Official minutes from the College’s main governing faculty body are shedding light on the controversial department changes that were announced in mid-September.

Notes taken from the Governance Committee (GC) that stretch back to 2009 show the roles of Provost and Executive Vice President of Academic Affairs Earl Lewis and University President James W. Wagner as well as the evolution of the committee that advised Dean of Emory College Robin Forman.

Roles: Provost Earl Lewis

When Forman announced that the College was phasing out several programs and suspending admissions to select graduate programs, many students and faculty members saw the plan as strictly belonging to him. Higher administrators like Wagner and Lewis, Emory’s chief academic officer and Forman’s boss, remained largely silent.

In separate interviews with the Wheel, Wagner and Lewis have said that Forman has the authority to make such decisions and was the key visionary. However, notes from GC meetings also show that Wagner and Lewis were already laying the groundwork for serious structural changes within the College before Forman came to Emory in June of 2010.
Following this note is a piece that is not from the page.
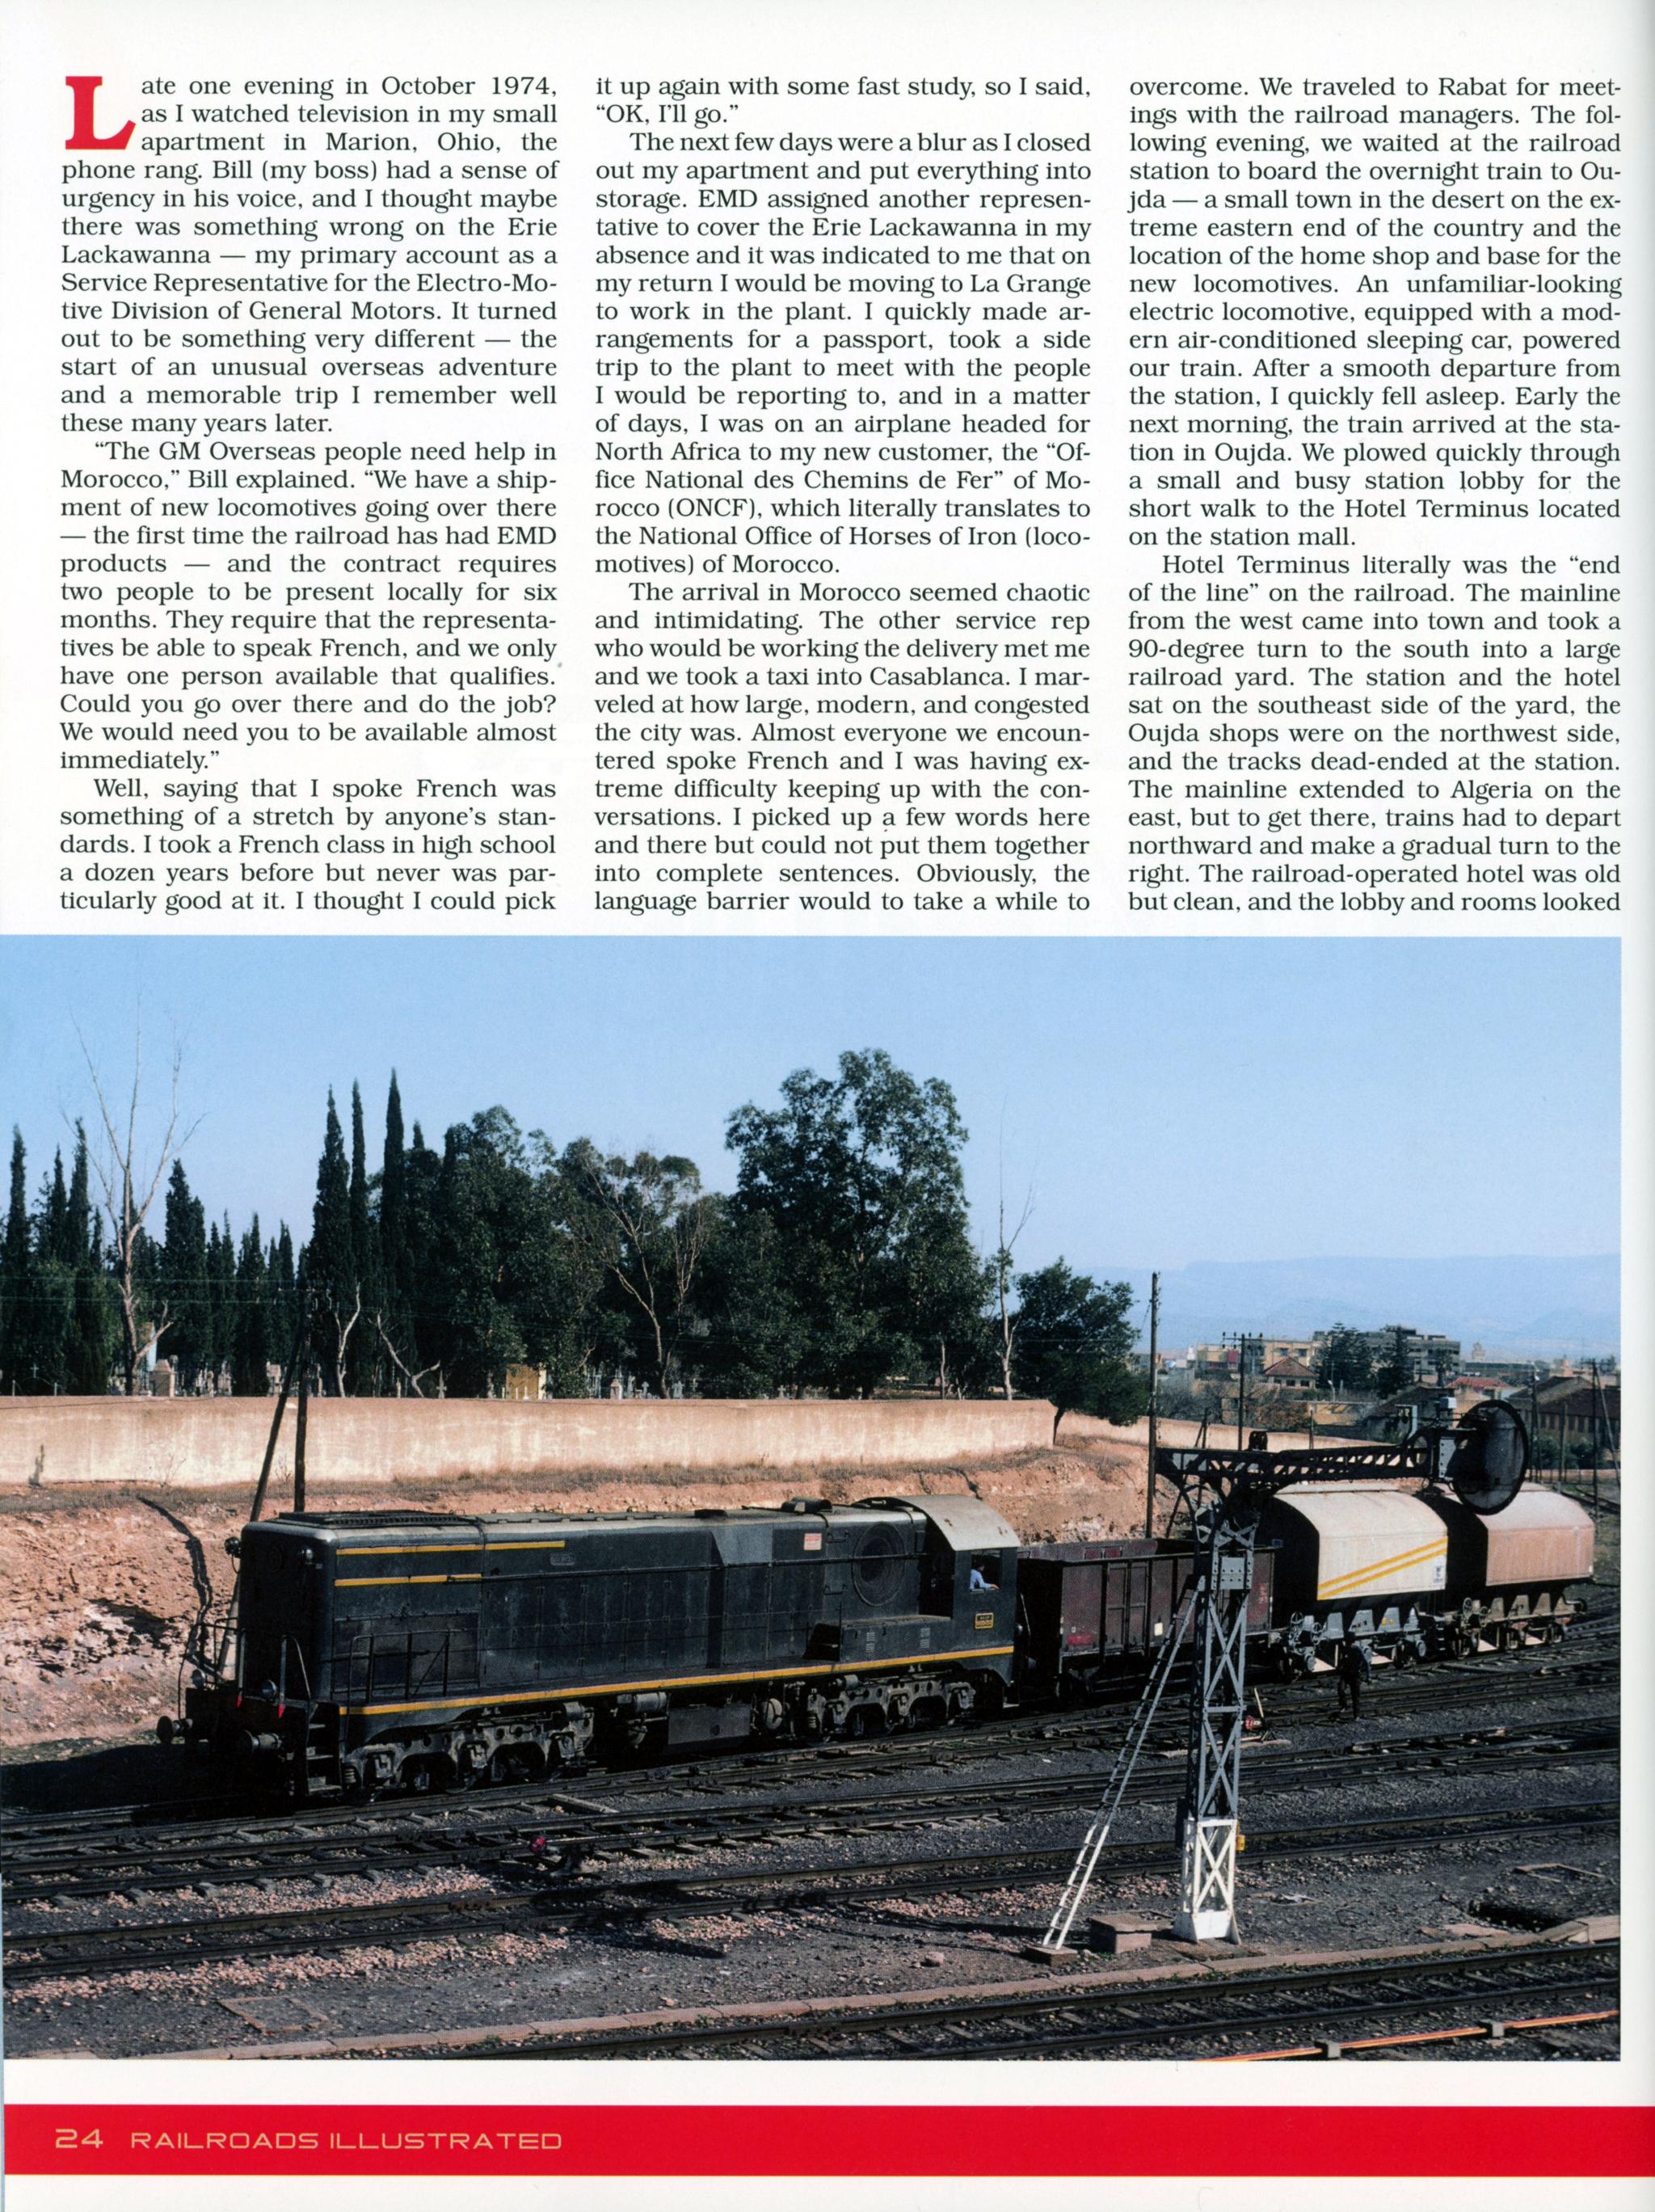 Chemins de Fer au Maroc - ONCF  - Page 5 49775573691_c10b1a6f1b_o_d

The GC first received an official report on the College’s budgetary problems in late January 2009. A report from the Faculty Senate to the GC shows that Lewis believed that “significant structural alignment in [the] next three years” was necessary.

In a follow-up interview with the Wheel, Lewis explained that he has known about the on-going process behind the department changes for some time and has seen “many ideas float for the better part of three years.” Lewis said that while Forman indeed has a vision for the College’s future, the mechanics to begin considering structural changes were already in motion before Forman’s arrival.
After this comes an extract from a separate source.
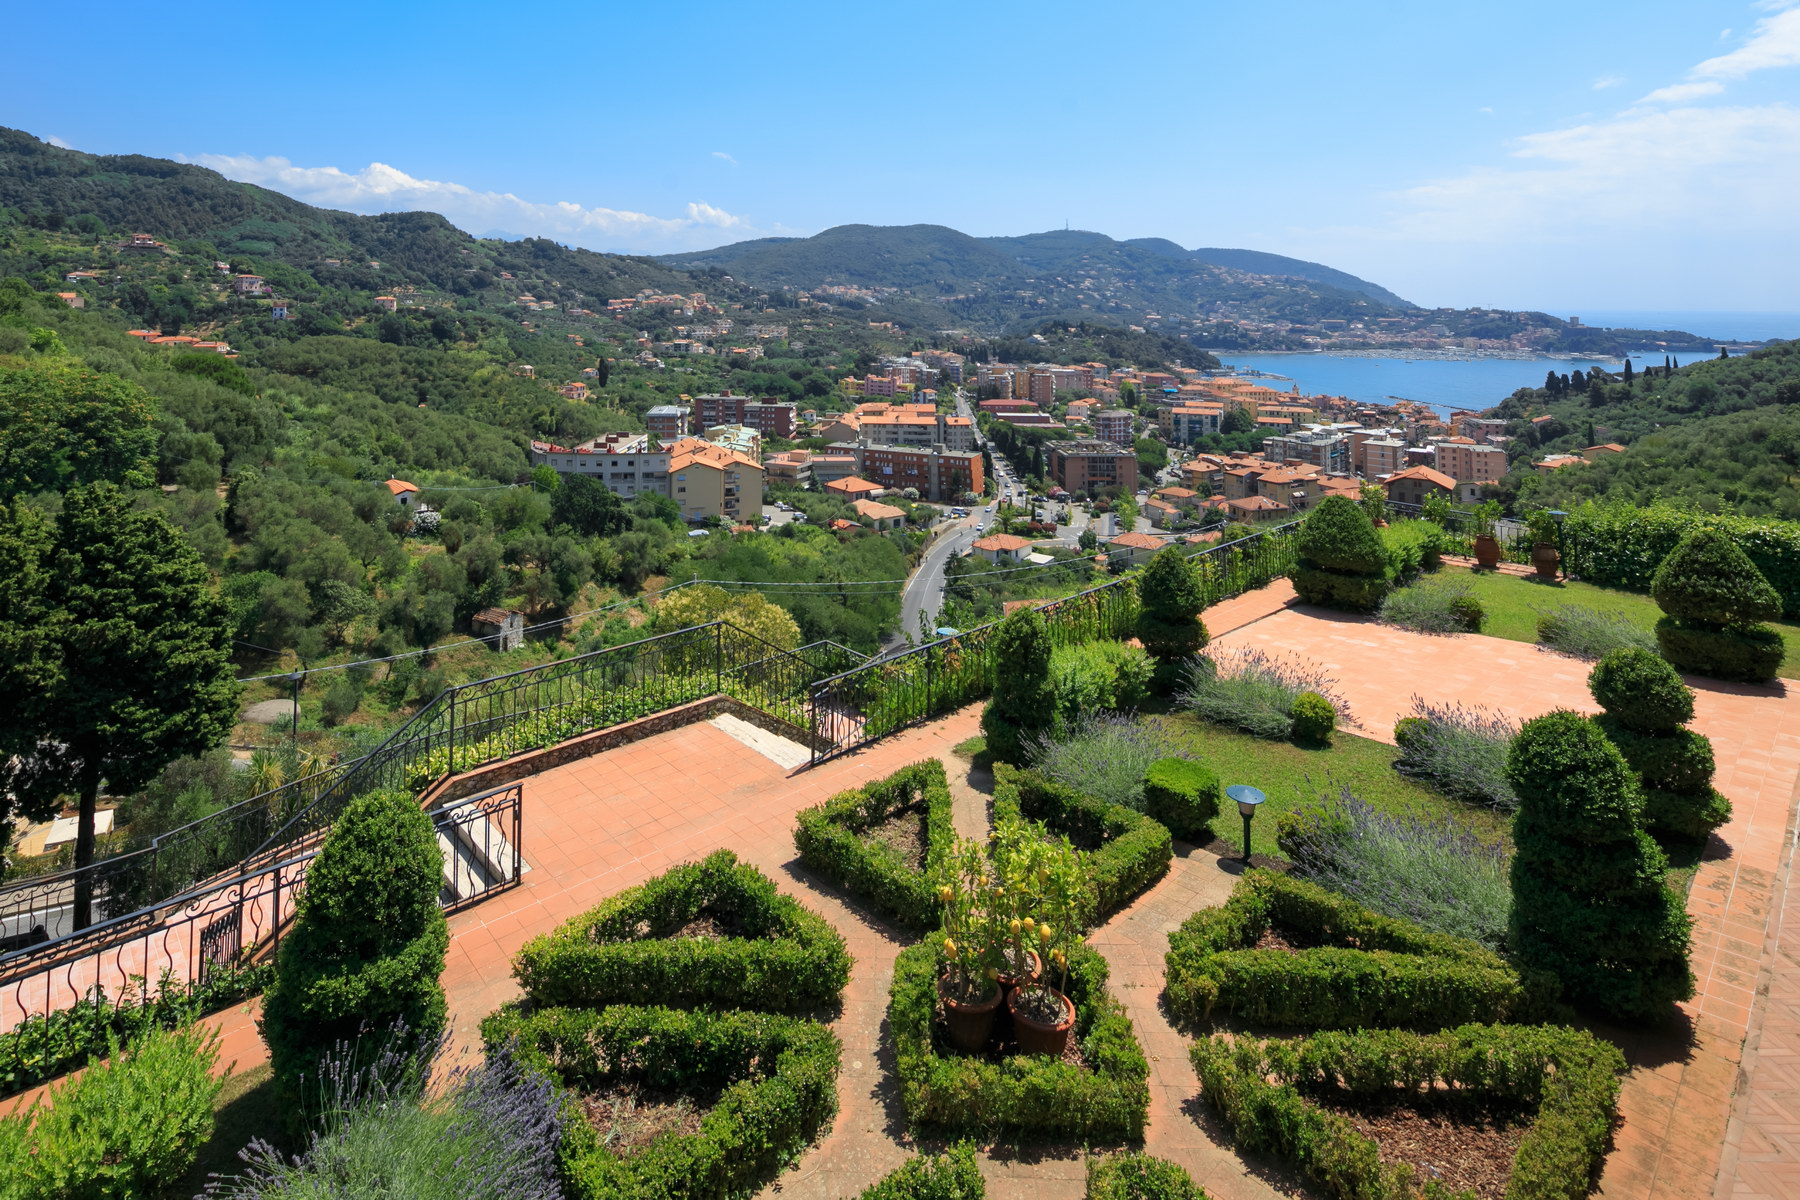 Villa in Vendita a Lerici: 5 locali, 620 mq - Foto 22

Lewis said Forman and Lisa Tedesco, the dean of the Laney Graduate School, presented numerous ideas to him, all of which were discussed and challenged. Lewis also says he feels “comfortable” with the process behind the department changes since faculty members entrusted their peers to be on the Governance Committee, which, in turn, trusted another committee.

“By the end of the day, I hired deans to be deans,” Lewis said. “They are the chief executive officers of their schools and colleges. Once I have raised my questions, and they have provided answers, I have fully supported the decisions they have made and continue to do so.”

Some have characterized Lewis as a lame duck Provost of sorts since he is retiring at the end of this year, and many faculty members do not see him as an effective avenue for redress. Lewis disagreed.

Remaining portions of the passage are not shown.